Information supplied:
++++++
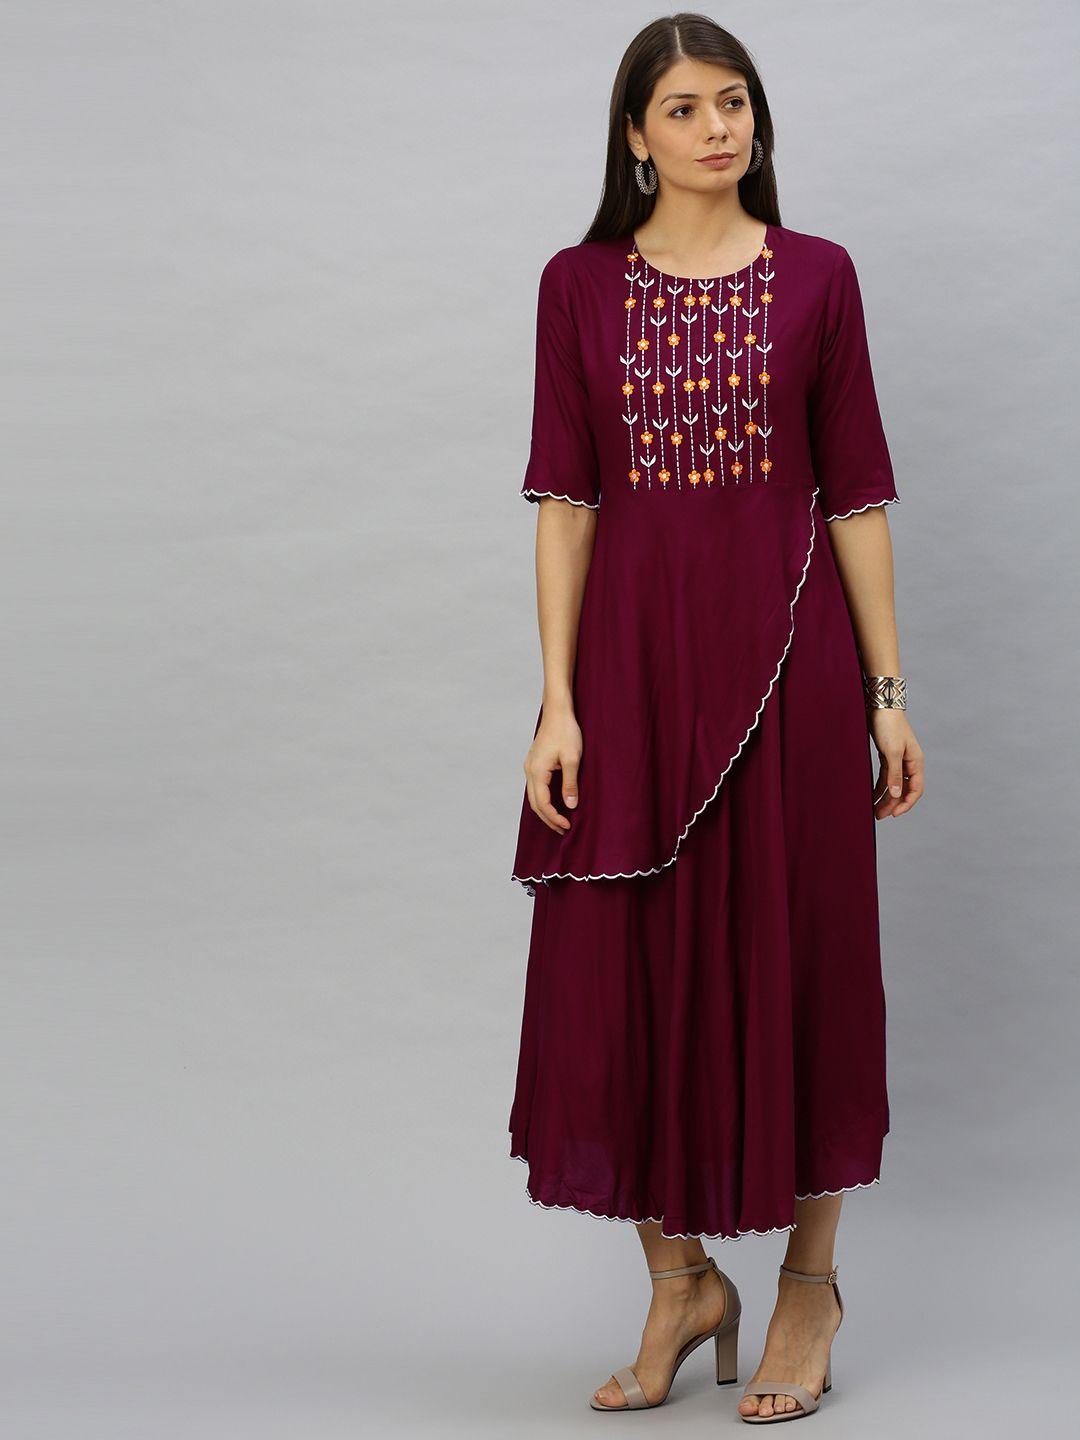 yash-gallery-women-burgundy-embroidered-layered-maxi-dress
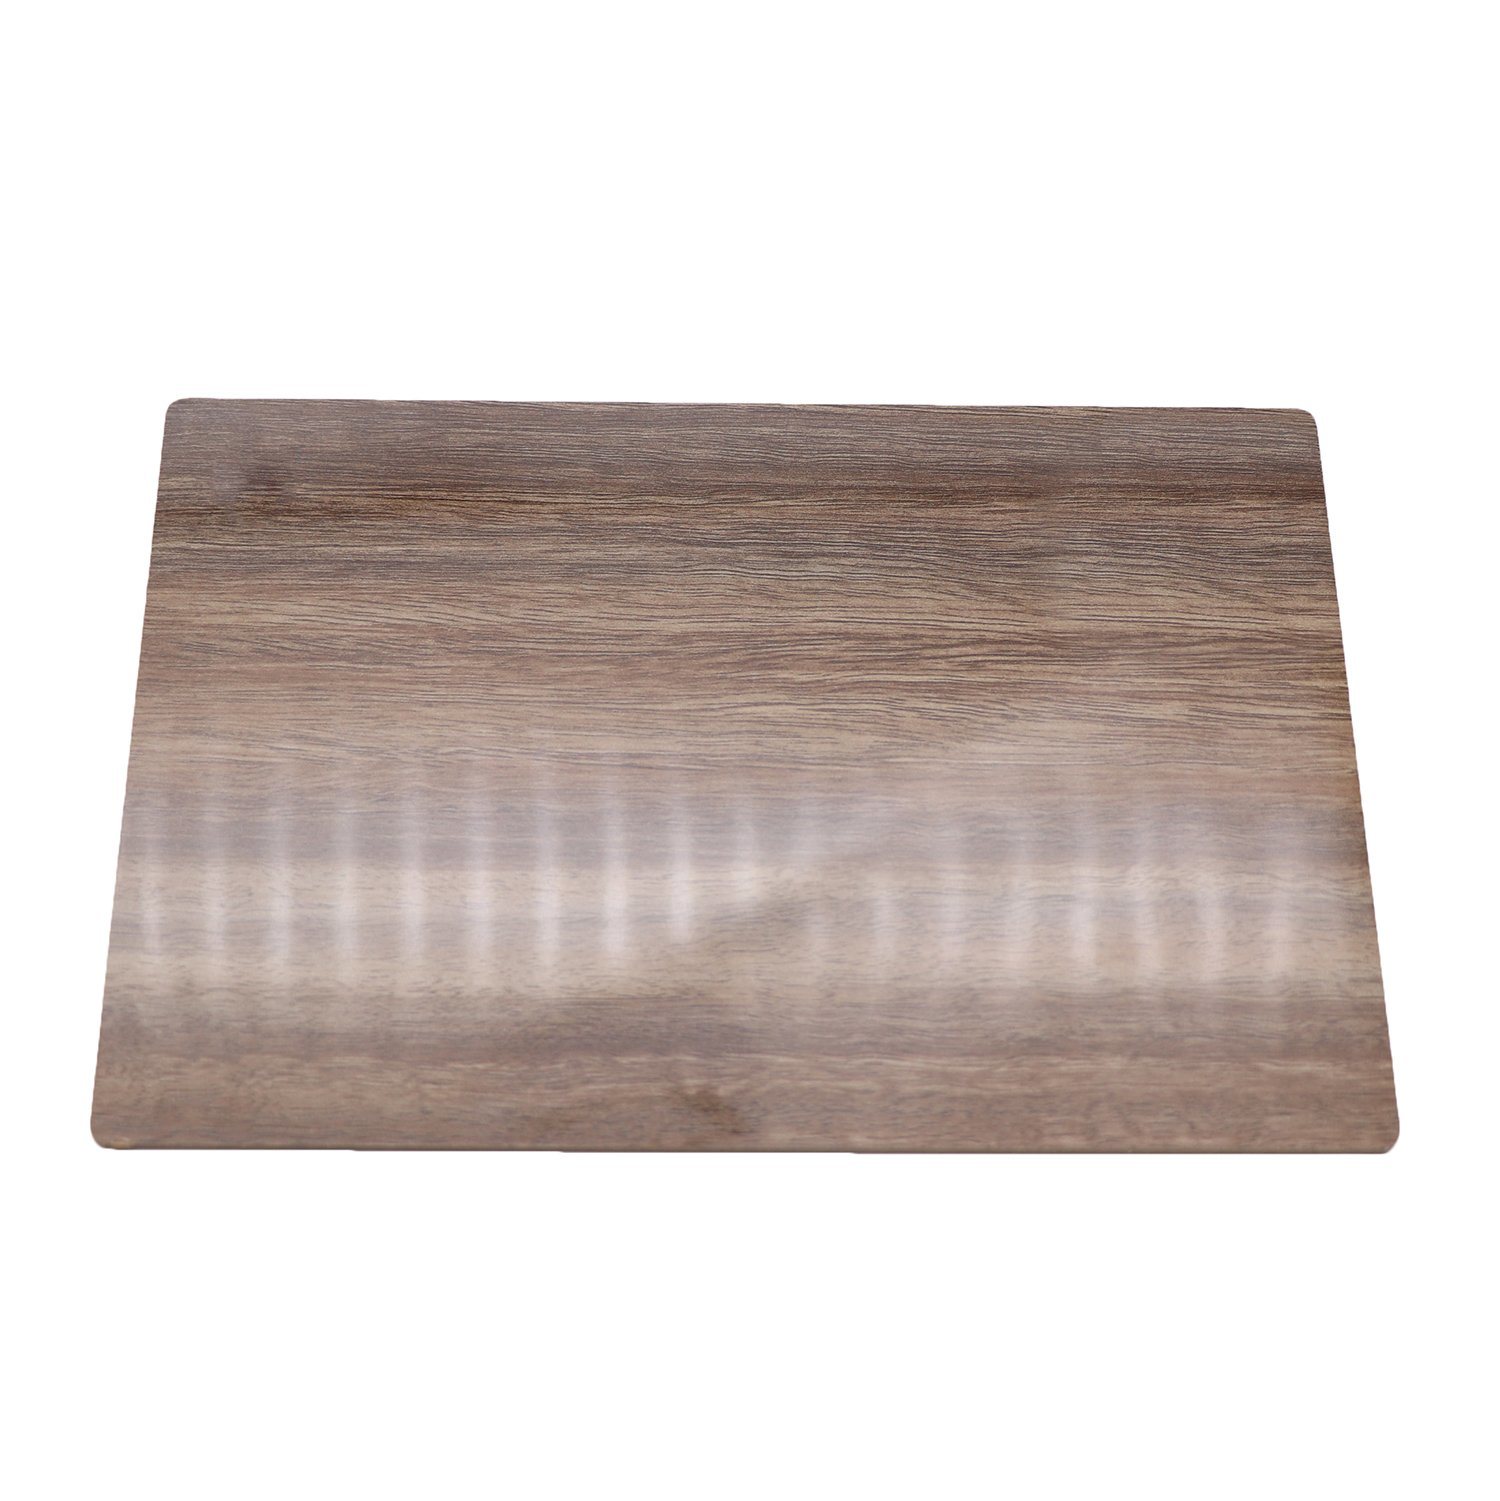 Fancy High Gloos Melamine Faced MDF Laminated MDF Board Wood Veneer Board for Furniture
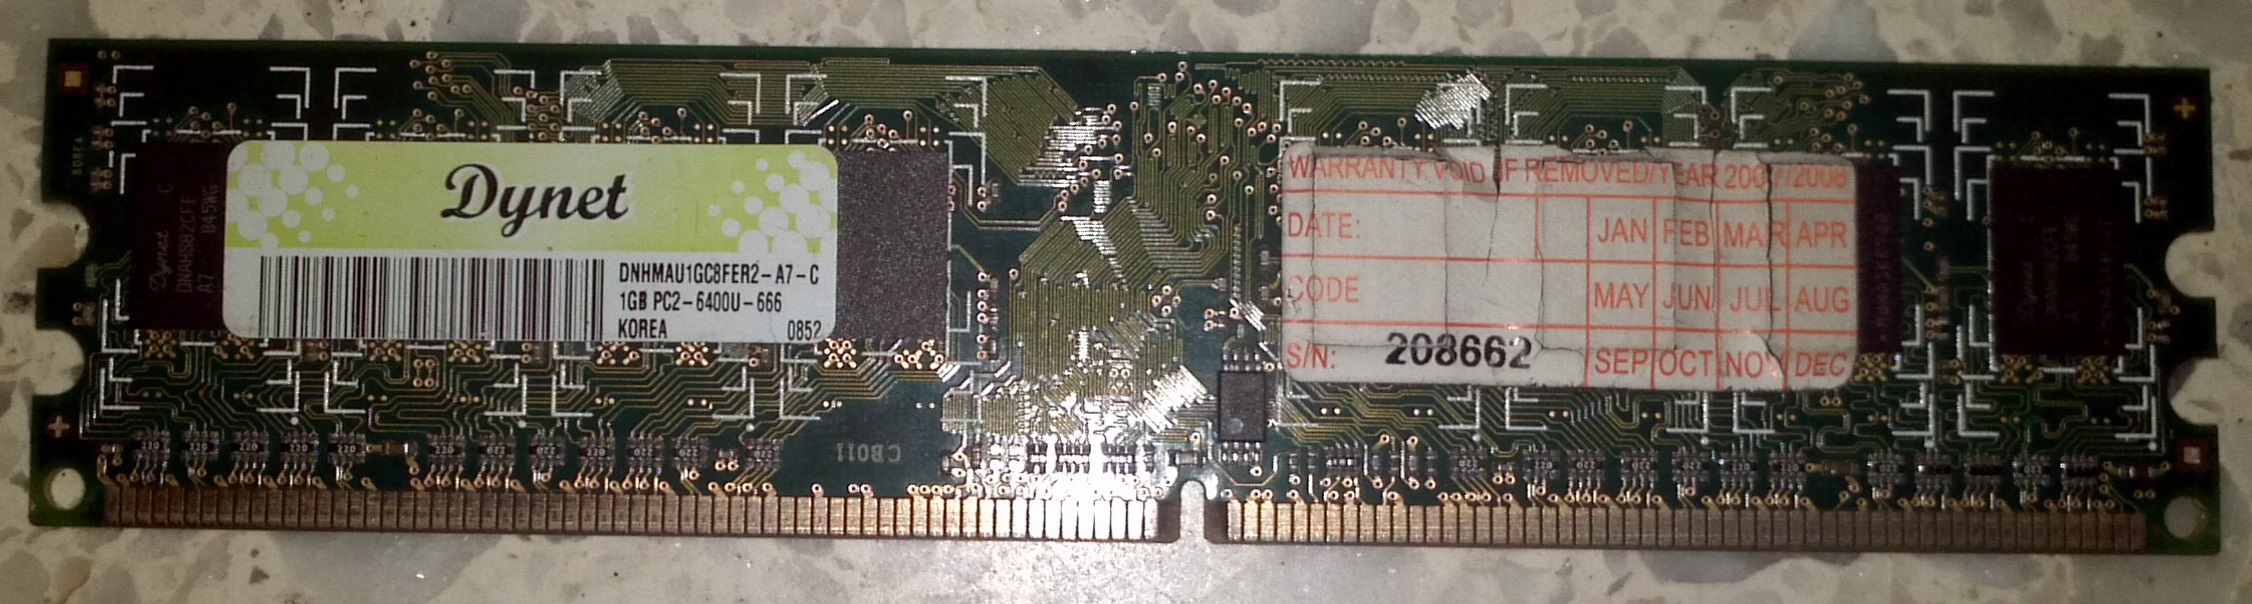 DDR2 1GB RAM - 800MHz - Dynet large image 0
++++++
Work request:
Write out exactly the lines beginning with the line that holds "Fancy High Gloos" and ending with the final line of the data, both ends included, without the pictures.

Your response:
 Fancy High Gloos Melamine Faced MDF Laminated MDF Board Wood Veneer Board for Furniture
 DDR2 1GB RAM - 800MHz - Dynet large image 0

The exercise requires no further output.